PTSD is a major problem, not just from returning veterans but also rape victims, victims of physical and emotional abuse, car accidents and other life experiences. It can also be the result of more ordinary and often repeated “domestic” trauma. The response to the trauma is more influential than the trauma itself. Studies have found an increased rate of marital breakup, addiction and suicide in those with PTSD.
PTSD sufferers typically report hyper-vigilance (always on the lookout for potential danger), insomnia, intrusive flashbacks, emotionally reliving traumatic events, over-reacting to sudden sounds and other abrupt stimuli, chronic anxiety, panic attacks and more. The nervous system is in a near constant state of over-arousal, with the environment experienced as a continual threat. It is as if the nervous system has forgotten how to return to a relaxed state, which is what a healthy nervous system automatically does after an actual or potential danger has receded.
One of the fundamental ways that Neurofeedback works is by reducing the “fight or flight” response of the sympathetic peripheral nervous system while simultaneously enhancing the homeostatic or calming “rest and digest” parasympathetic nervous system. This can be visibly seen in clients—posture and muscles relax, vision often seems brighter (from the pupils dilating), voices sound huskier (from muscles around the vocal cords relaxing) and speech slows down.
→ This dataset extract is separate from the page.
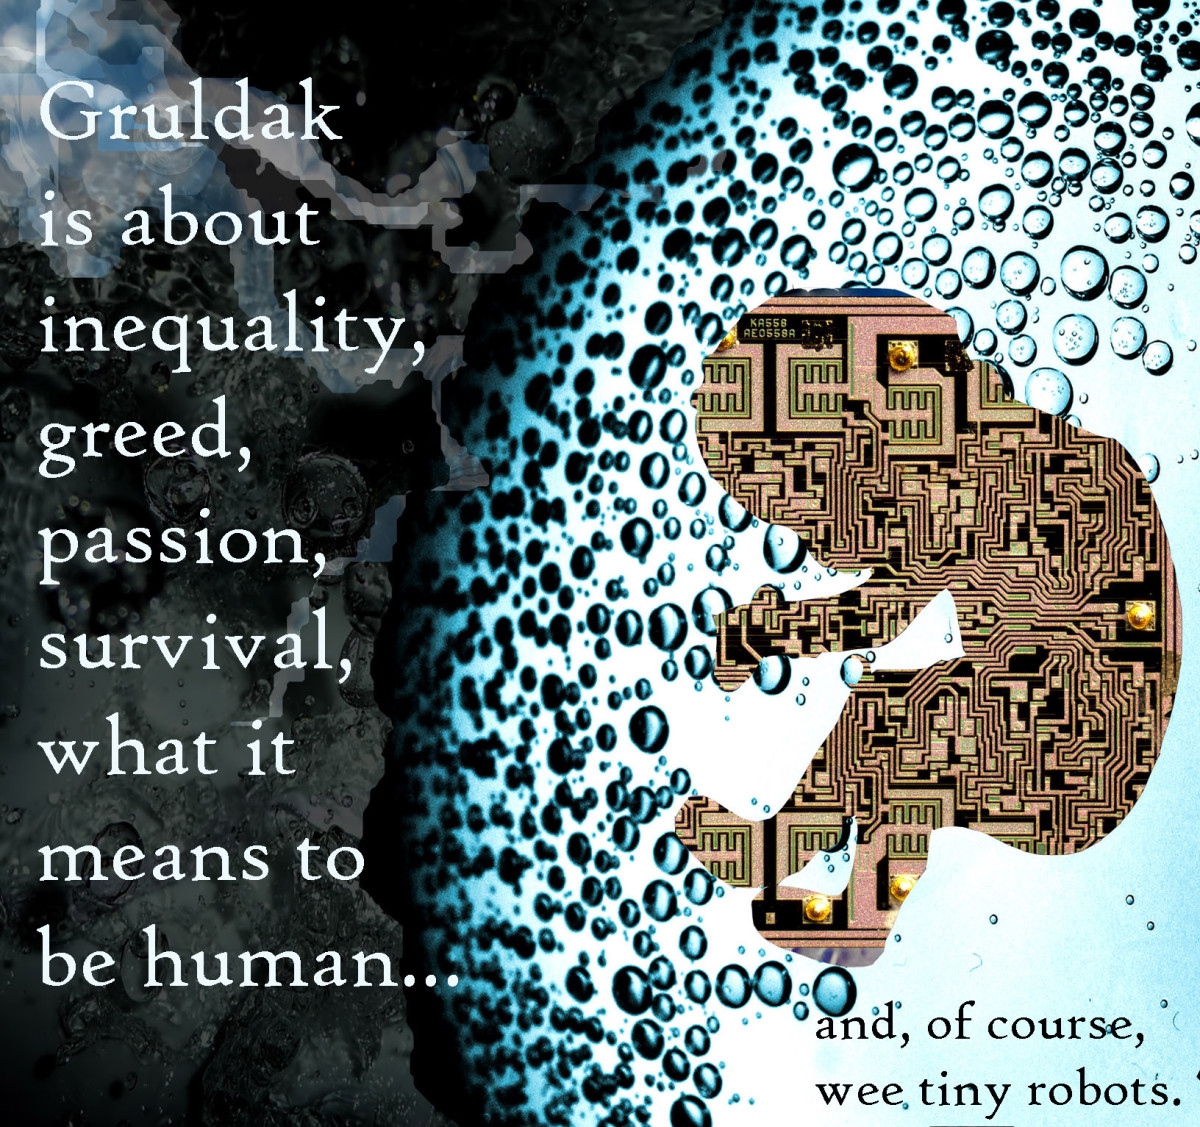 Circuit board fetus in a water bubble floating in space, an illustration for Gift of the Gruldak, a serialized science fiction novel you can read free online.

Clients appear visibly more relaxed.
The majority of traumatized individuals do not meet diagnostic criteria for PTSD, and PTSD cannot capture the multiplicity of exposures over critical developmental periods. "Because children's brains are still developing, trauma has a much more pervasive and long-range influence on their self-concept, on their sense of the world and on their ability to regulate themselves" (DeAngelis, 2007).
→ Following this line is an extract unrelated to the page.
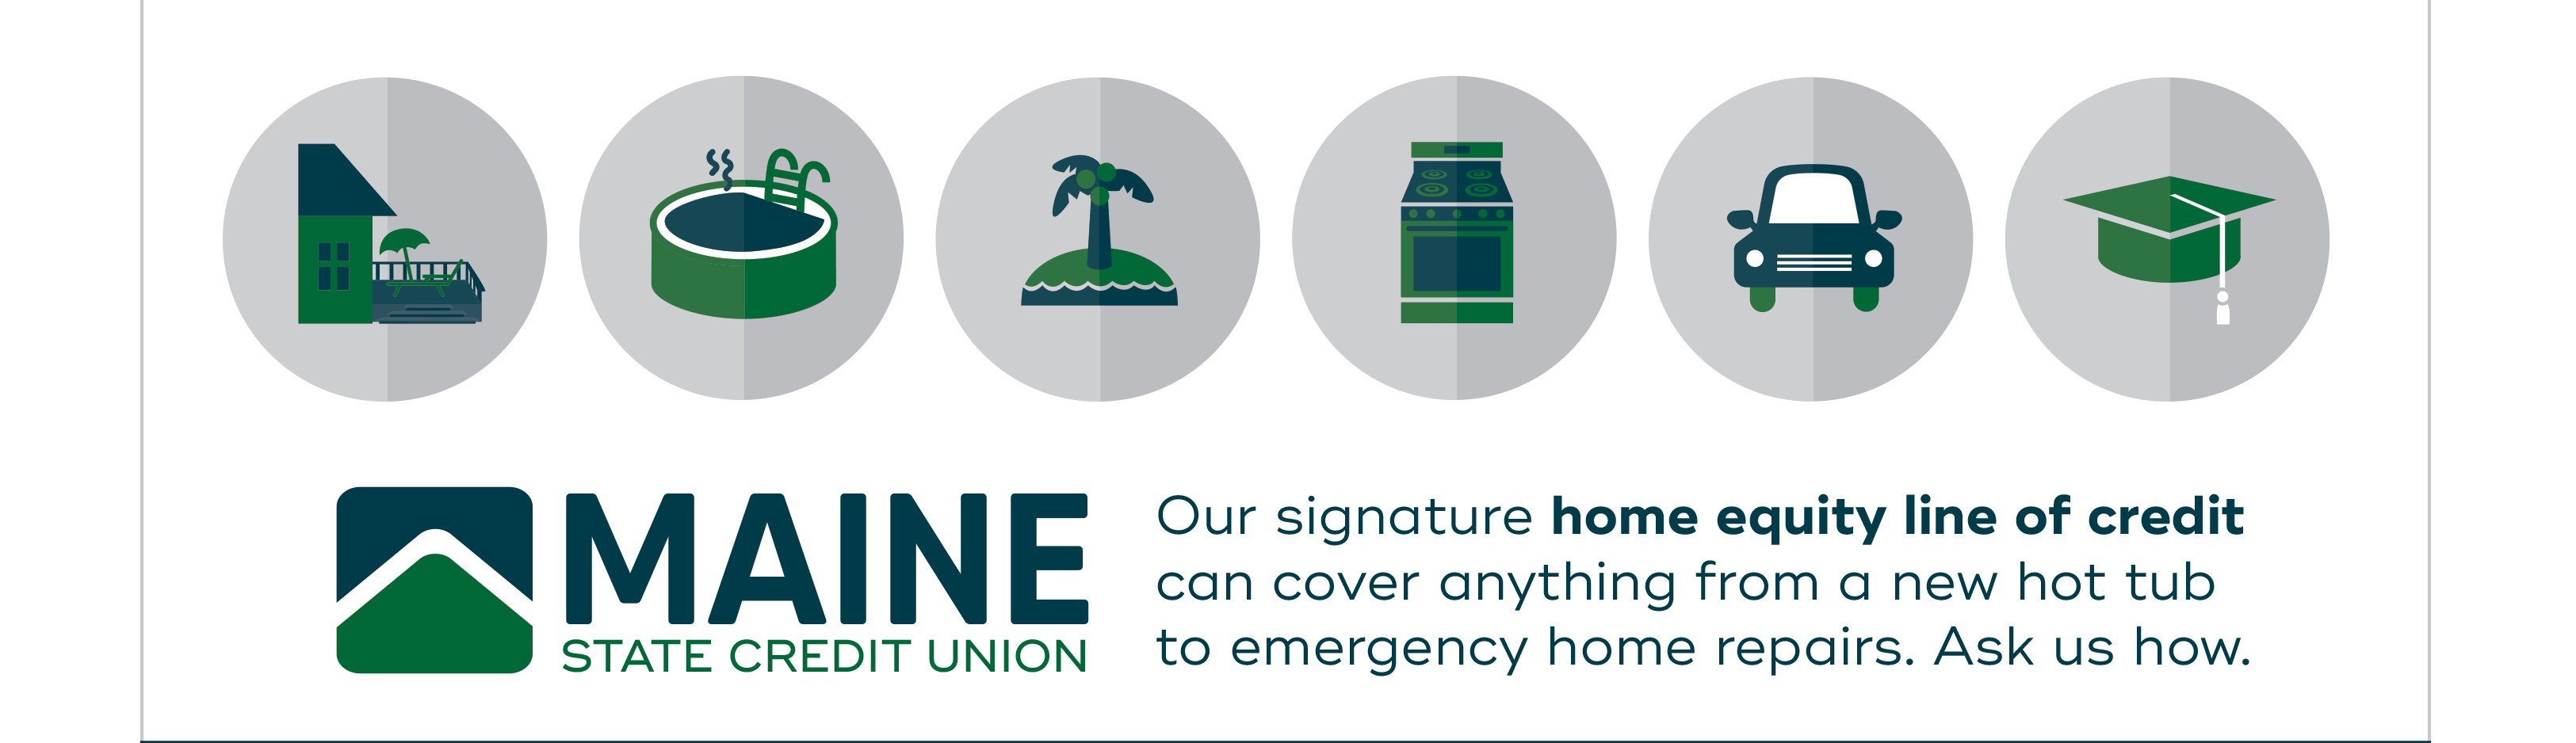 Maine State Credit Union: Home

The PTSD diagnosis does not capture the developmental effects of childhood trauma: the complex disruptions of affect regulation; the disturbed attachment patterns; the rapid behavioral regressions and shifts in emotional states; the loss of autonomous striving; the aggressive behavior against self and others; the failure to achieve developmental competencies; the loss of bodily regulation in areas of sleep, food, and self-care; the altered schemas of the world; the anticipatory behavior and traumatic expectations; the multiple somatic problems, from gastrointestinal distress to headaches; the apparent lack of awareness of danger resulting self-endangering behaviors; the self-hatred and self-blame; and the chronic feelings of ineffectiveness (Van der Kolk, 2005).
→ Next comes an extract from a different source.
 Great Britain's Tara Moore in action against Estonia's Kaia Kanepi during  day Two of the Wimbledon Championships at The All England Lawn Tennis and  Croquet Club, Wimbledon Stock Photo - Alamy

When early childhood relationships are sources of overwhelming fear, or when absent, insecure or disorganized attachment leaves a person feeling helpless and alone, the mind needs some way to cope. Many times, trauma survivors re-live childhood experiences with an unresponsive or abusive partner. "Partners of trauma survivors may want desperately to help, but partners need to be clear that it is not your problem to fix and you don’t have the power to change another human being. Rather, know that both of you deserve to connect with resources to help you find comfort and healing" (Brickel, 2015). Trauma-informed therapy helps partners give each other the ability of learning to understand each individual’s story, how it impacts their relationship, and how to process thoughts and emotions in healthier ways.